What emerged was a clear message: we already have the tools and the lived experience to measure social impact well. What we need now is the confidence and consistency to use them.
Why Definitions Matter
Mark Teasdale opened the session by grounding the discussion in clarity. Social value, he argued, is the additional economic, social, and environmental benefit created by a project or programme, benefits that accrue to individuals and communities over time. Wellbeing, by contrast, is about how people feel: their health, happiness, security, and quality of life.
The two are inseparable. If a project claims to create social value but cannot demonstrate improvements in wellbeing, then something fundamental has been missed. Measurement begins with understanding what we are actually trying to change.
A Case Study That Brings the Issue to Life
If anyone needed reminding that social impact is not abstract, Mags Davison, CEO of RE N‑GAGE, provided it. Her charity works with young people aged 12 to 16 who are at risk of exclusion, already excluded, or vulnerable to exploitation.
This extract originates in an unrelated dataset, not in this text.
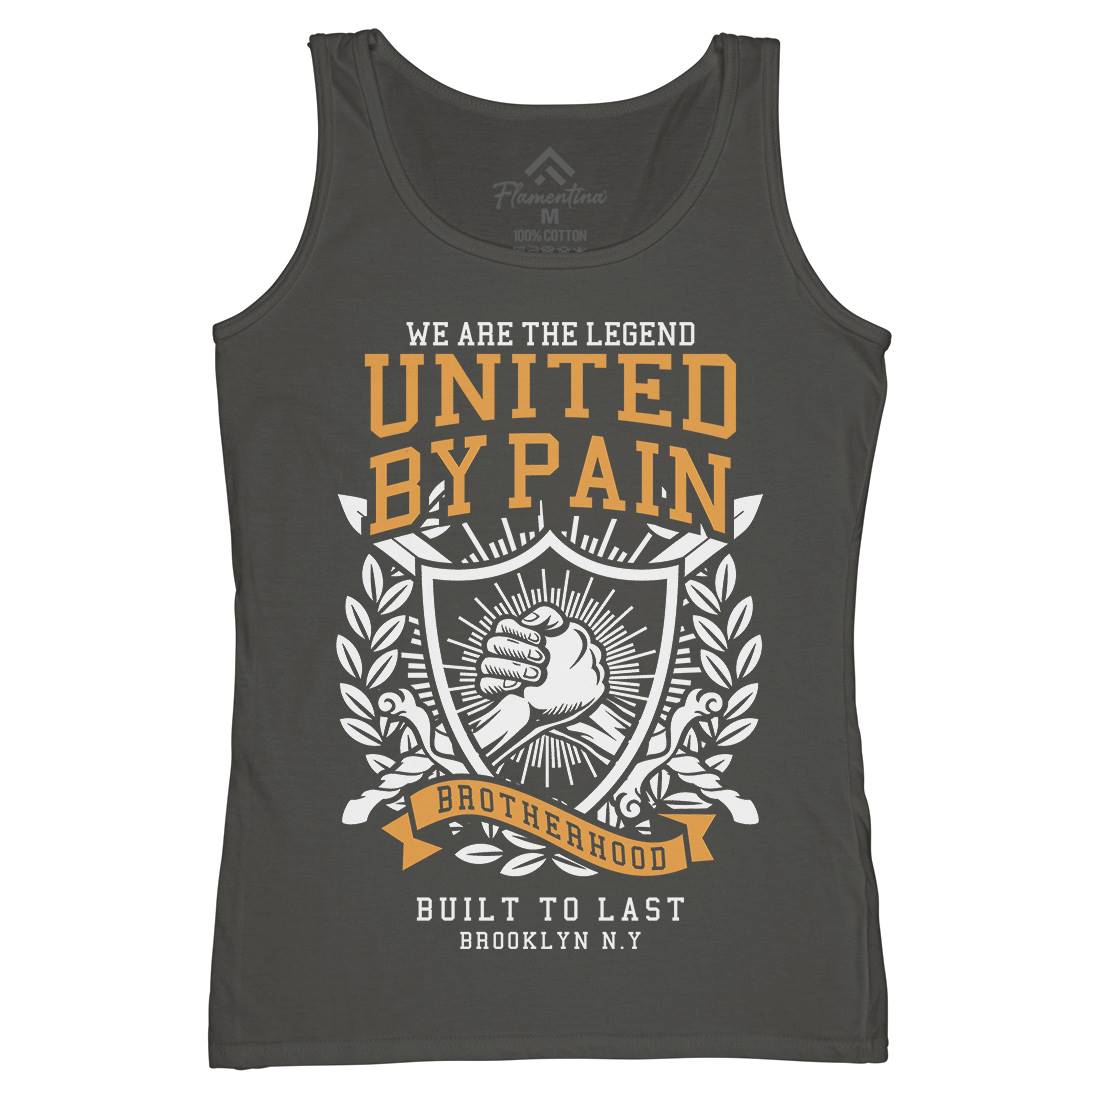 United By Pain Womens Organic Tank Top Vest Gym A297

Many have experienced multiple adverse childhood experiences. RE N‑GAGE’s “Stride” programme offers a structured, intensive, and deeply human form of support: three full days a week for 12 weeks, combining life skills, mentoring, accredited qualifications, and a wraparound model involving schools, parents, and youth services.
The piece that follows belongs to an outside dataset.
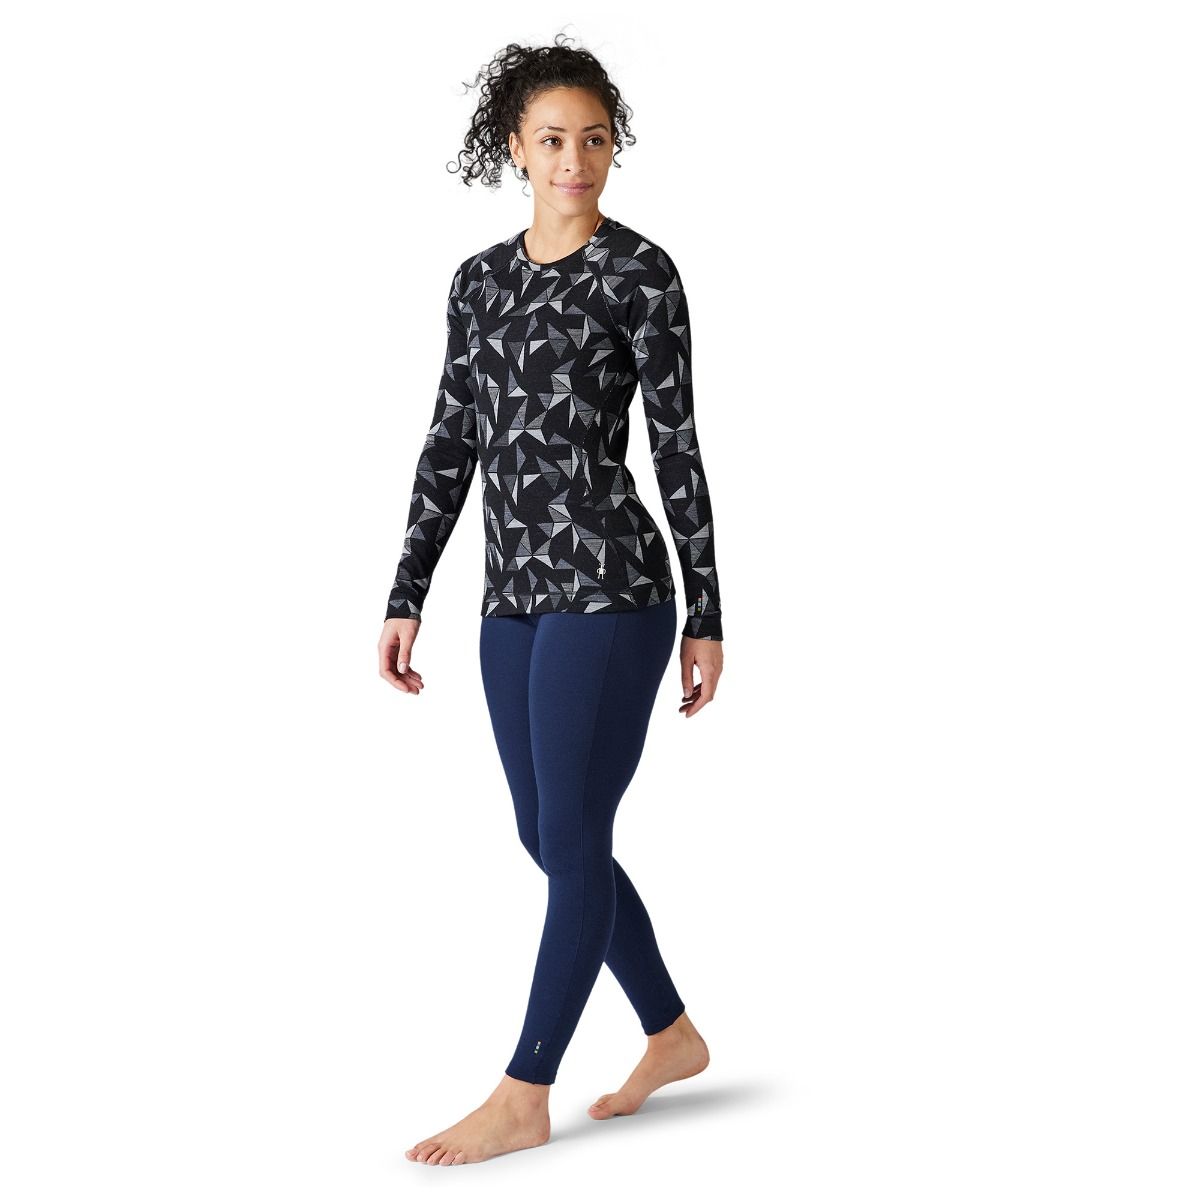 Kenco Outfitters | Smartwool Women's Merino 250 Baselayer Crew Top

The results are remarkable. Eighty‑two percent of the young people they support return to education, apprenticeships, or employment. Some outcomes defy quantification. As one parent put it, “You’ve given us our boy back.”
But funders still need evidence.
Turning Lived Impact Into Measured Impact
Bidwells worked with RE N‑GAGE to quantify their social and economic contribution. The analysis showed that for every £1 the charity spends, it generates £2 of social and economic value. A bespoke model, built using National Audit Office data, estimated that diverting a single young person from the criminal justice system could save the public purse £1.6 million. These figures were deliberately conservative.
The impact of the analysis was immediate. The report helped RE N‑GAGE secure major funding from the National Lottery, the Leathersellers’ Foundation, and the Richmond Foundation. One grant manager was explicit: “It was the report that got you over the line.”
This is what rigorous measurement can unlock: credibility, investment, and long‑term sustainability.
Homes England: A National Shift in How We Measure Value
Mike Wiltshire of Homes England offered a government‑level perspective. For years, regeneration schemes, especially in complex urban areas, have struggled to demonstrate value for money because traditional appraisal tools miss huge swathes of social benefit. Land value uplift alone cannot capture the wellbeing gains of moving someone from temporary accommodation into stable housing, or the placemaking benefits of high‑quality design.
Homes England responded by launching a multi‑year programme to build a robust, Treasury‑approved evidence base. This involved large‑scale national primary research, including thousands of people in vulnerable housing situations. The resulting methodologies are now accepted by HM Treasury and integrated into national appraisal guidance.
This shift means regeneration schemes in places like Blackpool or Sunderland can now demonstrate their full value. Social impact is no longer a “nice to have”, it is part of the economic case.
Designing for Wellbeing
Laura Brodrick brought the conversation back to design and delivery. The built environment sector is increasingly using social value frameworks, but the real shift is toward post‑occupancy evaluation, i.e. measuring how people actually live, feel, and thrive in the places we build.
She emphasised that measurement must inform design. Without a feedback loop, data becomes little more than reporting. The sector needs shared datasets, consistent methodologies, and a willingness to learn from what works and what doesn’t.
What Does Good Measurement Look Like?
Across the panel, a few themes stood out. Measurement must start with outcomes, not activities. It should combine quantitative data with qualitative insight. It should be conservative enough to build trust, but confident enough to capture the full picture. And above all, it should remain rooted in the human experience.
Because at its core, social value is not a spreadsheet. It is a young person returning to school. A family reunited. A community strengthened. A place transformed.
The built environment has the power to create these outcomes. Measuring them well is how we ensure we keep doing so.